As all her body were one heart on flame,
Athrob with love and wonder and sweet shame.
And when he spake there sounded in her ears
As 'twere a song out of the graves of years
Heard, and again forgotten, and again
Remembered with a rapturous pulse of pain.
But as the maiden mountain snow sublime
Takes the first sense of April's trembling time
Soft on a brow that burns not though it blush
To feel the sunrise hardly half aflush,
So took her soul the sense of change, nor thought
That more than maiden love was more than nought.
Her eyes went hardly after him, her cheek
Grew scarce a goodlier flower to hear him speak,
Her bright mouth no more trembled than a rose
May for the least wind's breathless sake that blows
Too soft to sue save for a sister's kiss,
And if she sighed in sleep she knew not this.
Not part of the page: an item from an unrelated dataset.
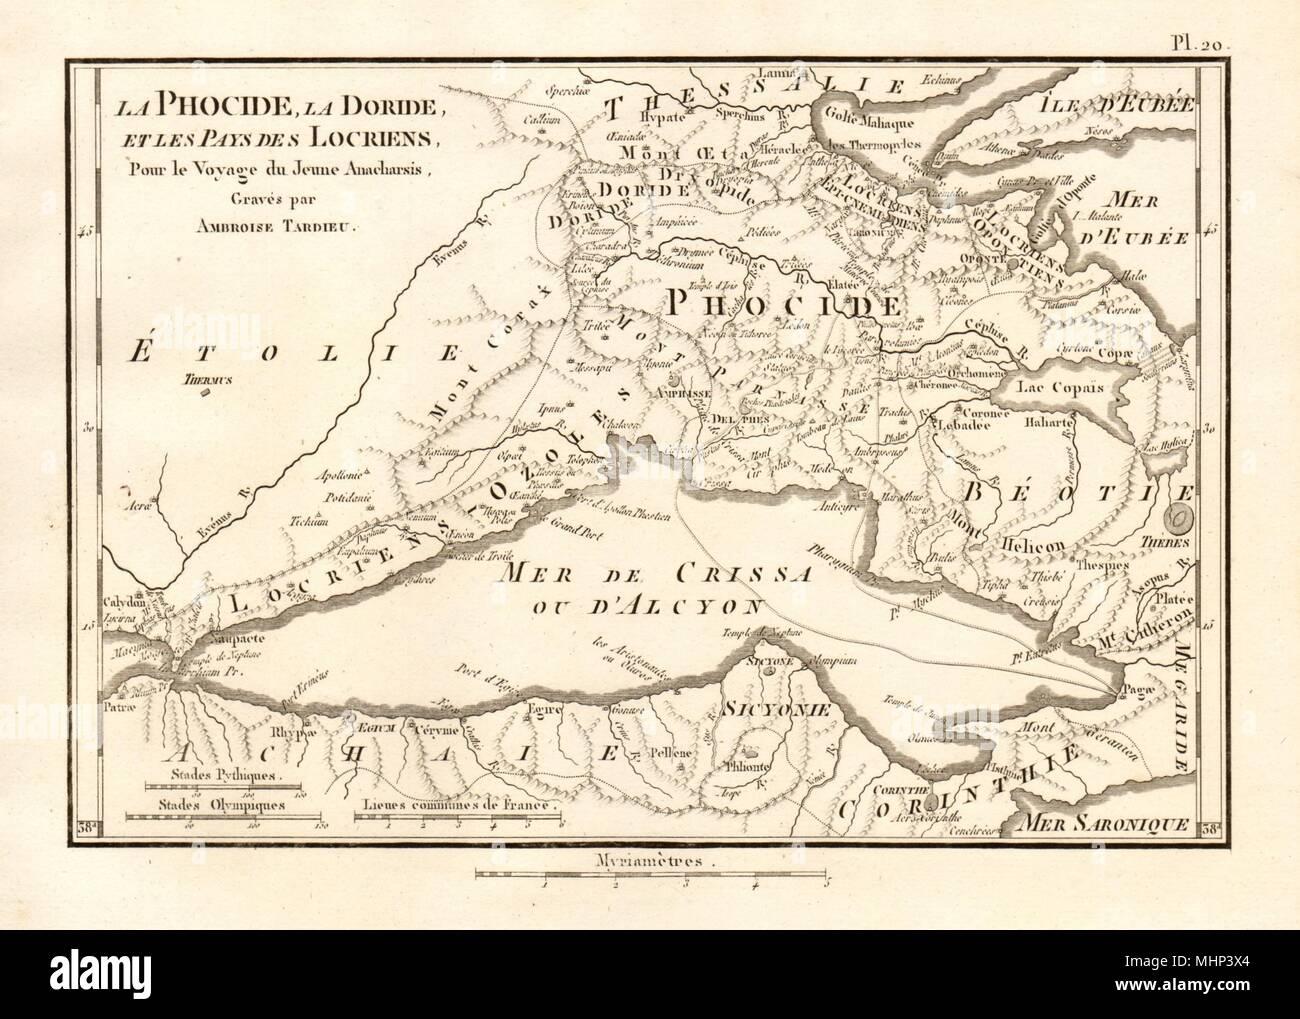 Gulf Of Corinth Ancient Greece Phocide Phocis Doride Doris

Yet in her heart hovered the thoughts of things
Past, that with lighter or with heavier wings
Beat round about her memory, till it burned
With grief that brightened and with hope that yearned,
Seeing him so great and sad, nor knowing what fate
Had bowed and crowned a head so sad and great.
Nor might she guess but little, first or last,
Though all her heart so hung upon his past,
Of what so bowed him for what sorrow's sake:
For scarce of aught at any time he spake
That from his own land oversea had sent
His lordly life to barren banishment.